(Beginning of Source material)

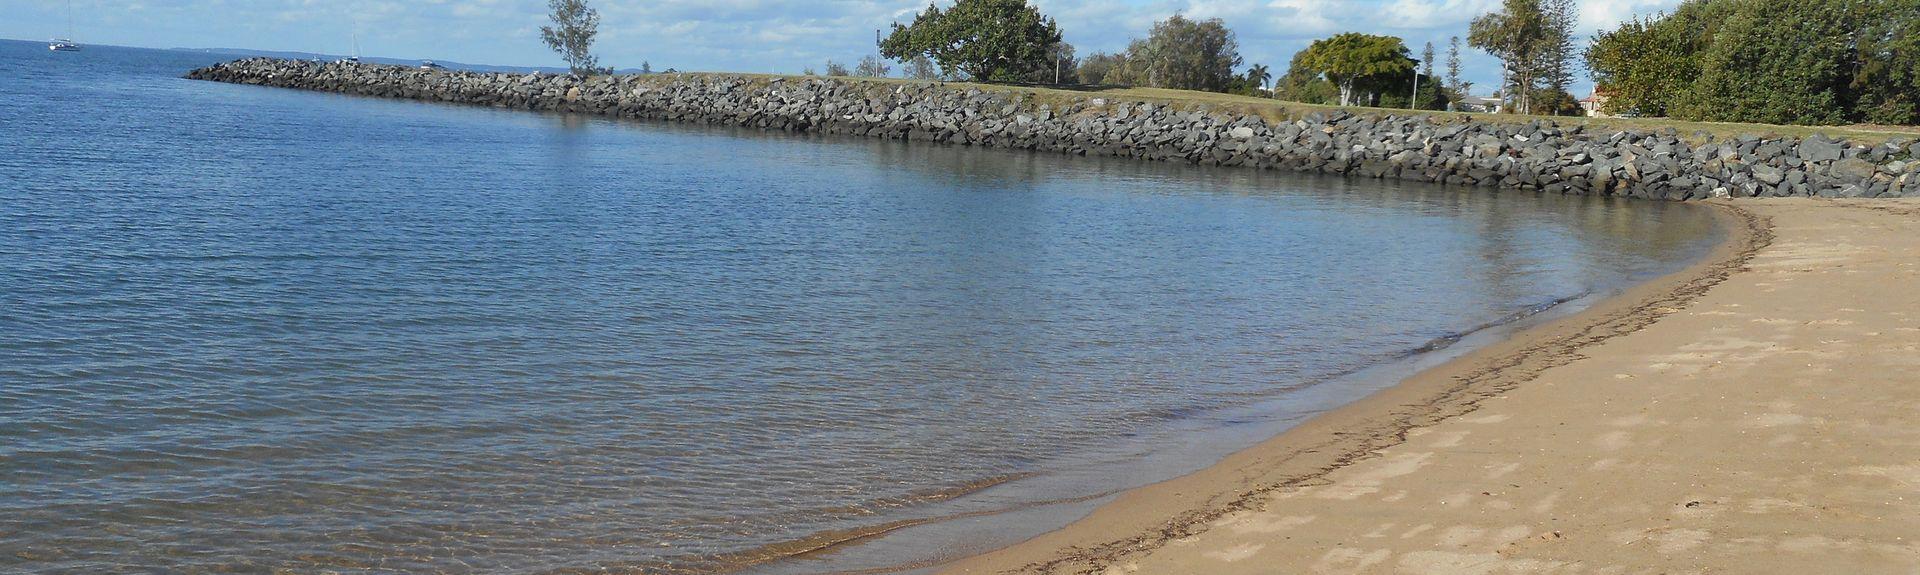 Macleay Island, Queensland, Austrália
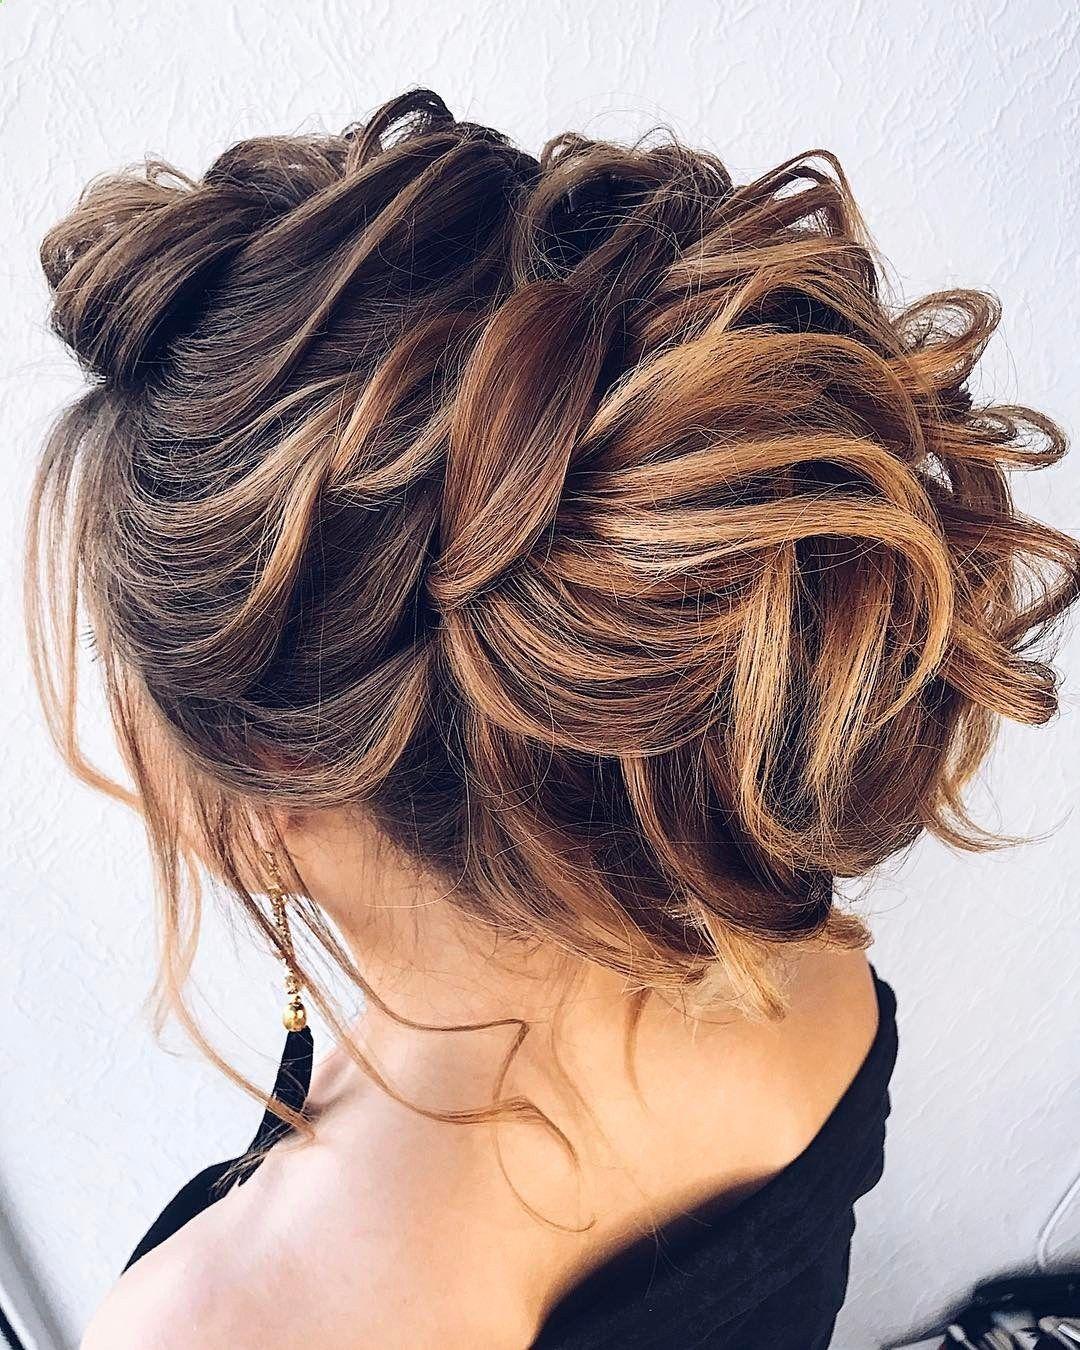 Pin by allison on braid pinterest hair hair styles and wedding
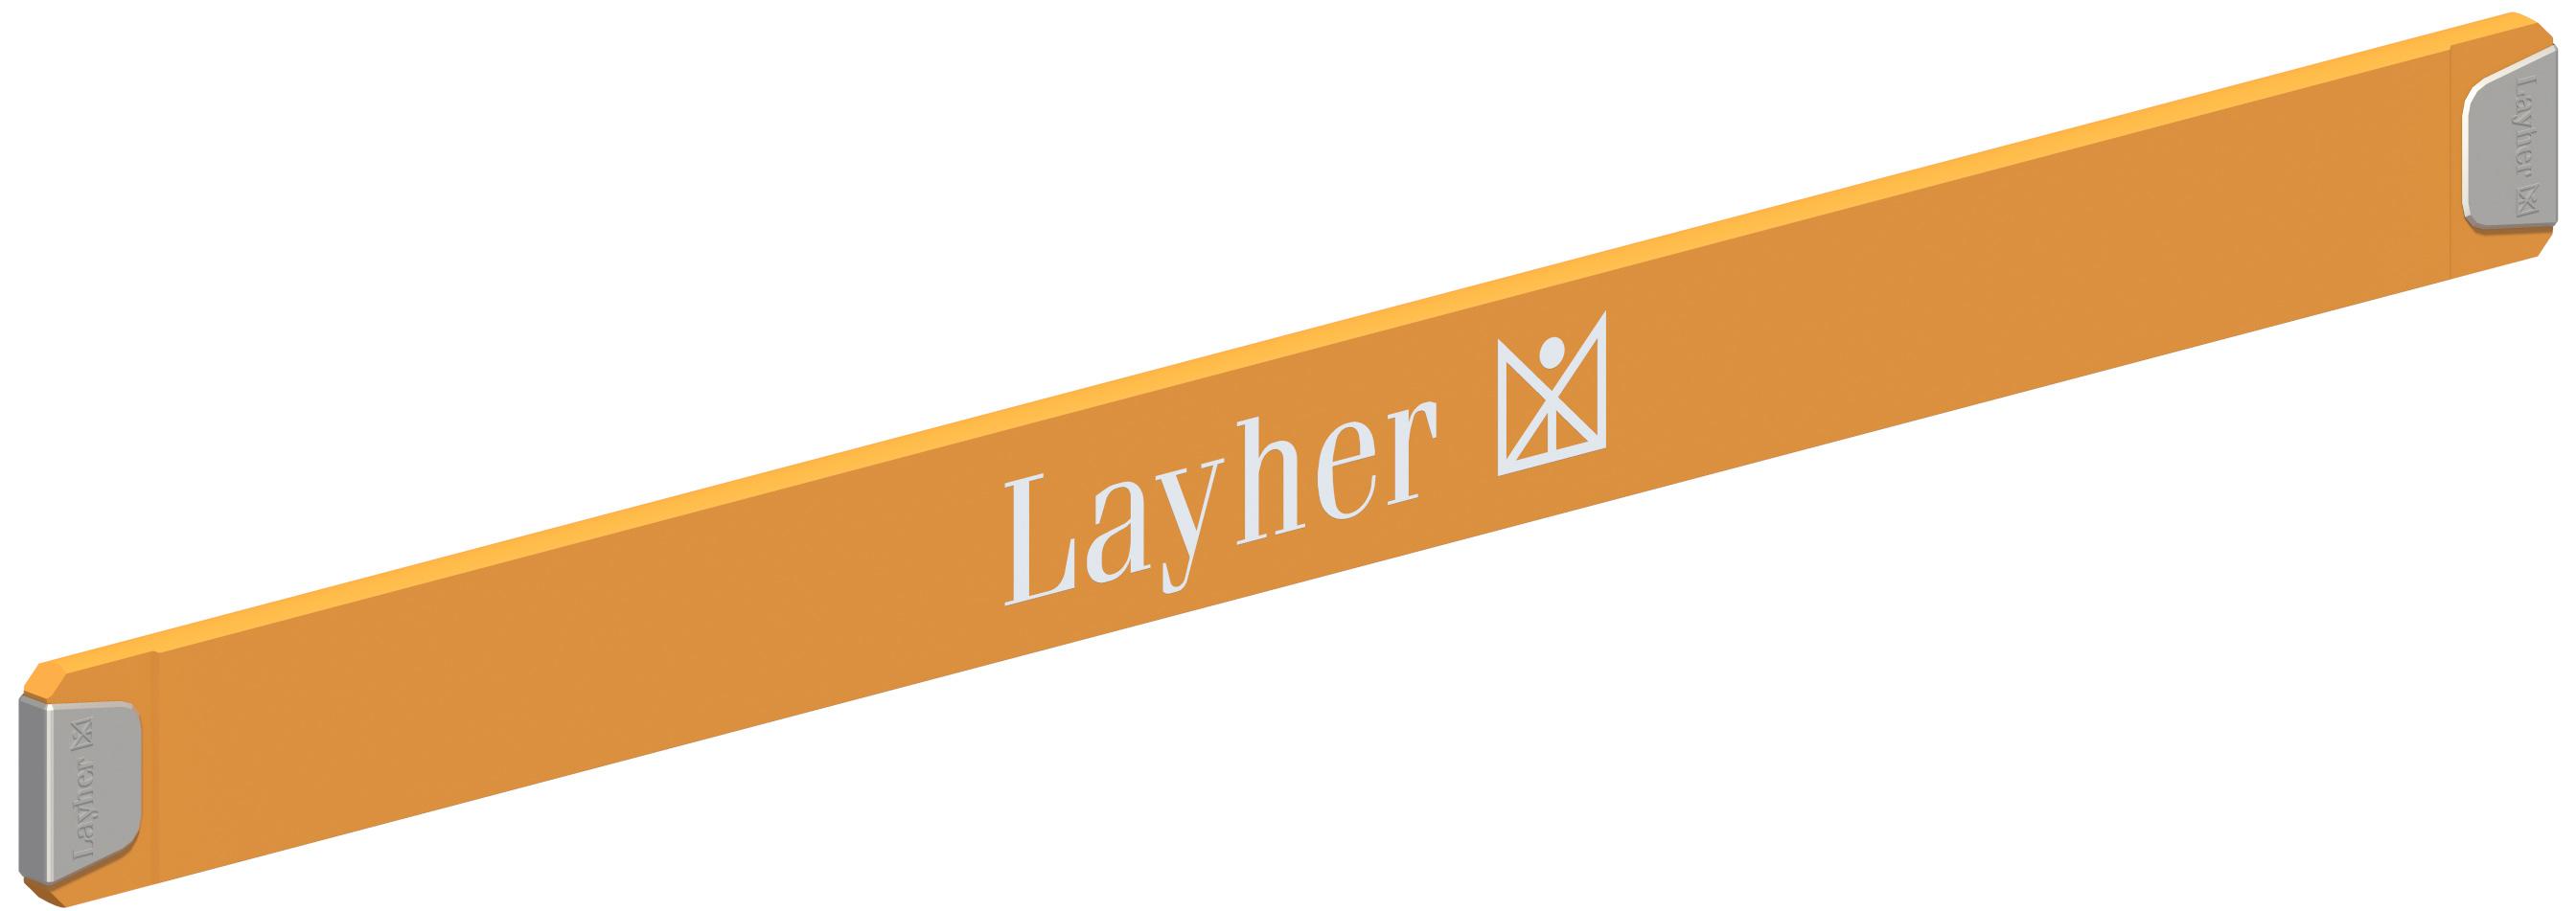 Layher Staro Rollbock Holz-Stirnbordbrett 1,90 m
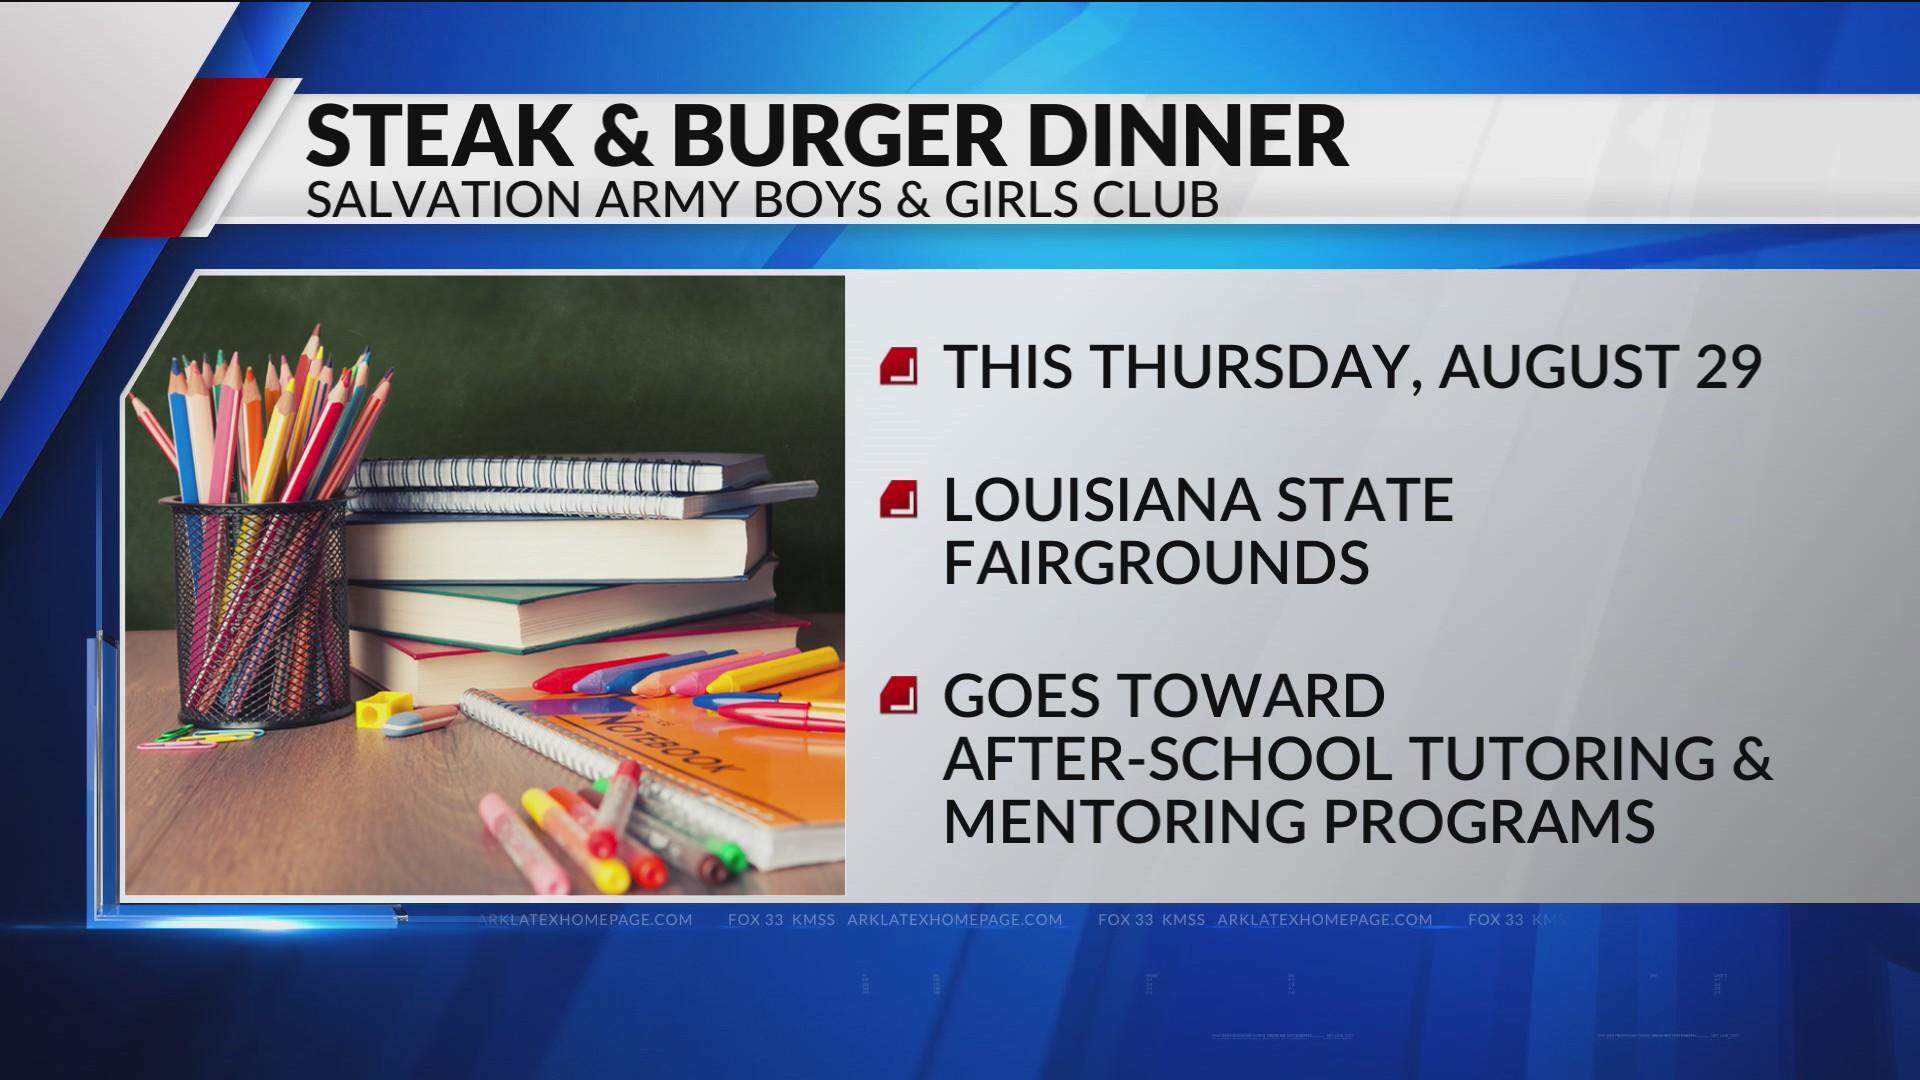 2019 Steak and Burger Dinner raises money for local students

(End of Source material)

Exercise objective:
I would like the material repeated in full and exactly, with its images omitted.

Answer box:
 Macleay Island, Queensland, Austrália
 Pin by allison on braid pinterest hair hair styles and wedding
 Layher Staro Rollbock Holz-Stirnbordbrett 1,90 m
 2019 Steak and Burger Dinner raises money for local students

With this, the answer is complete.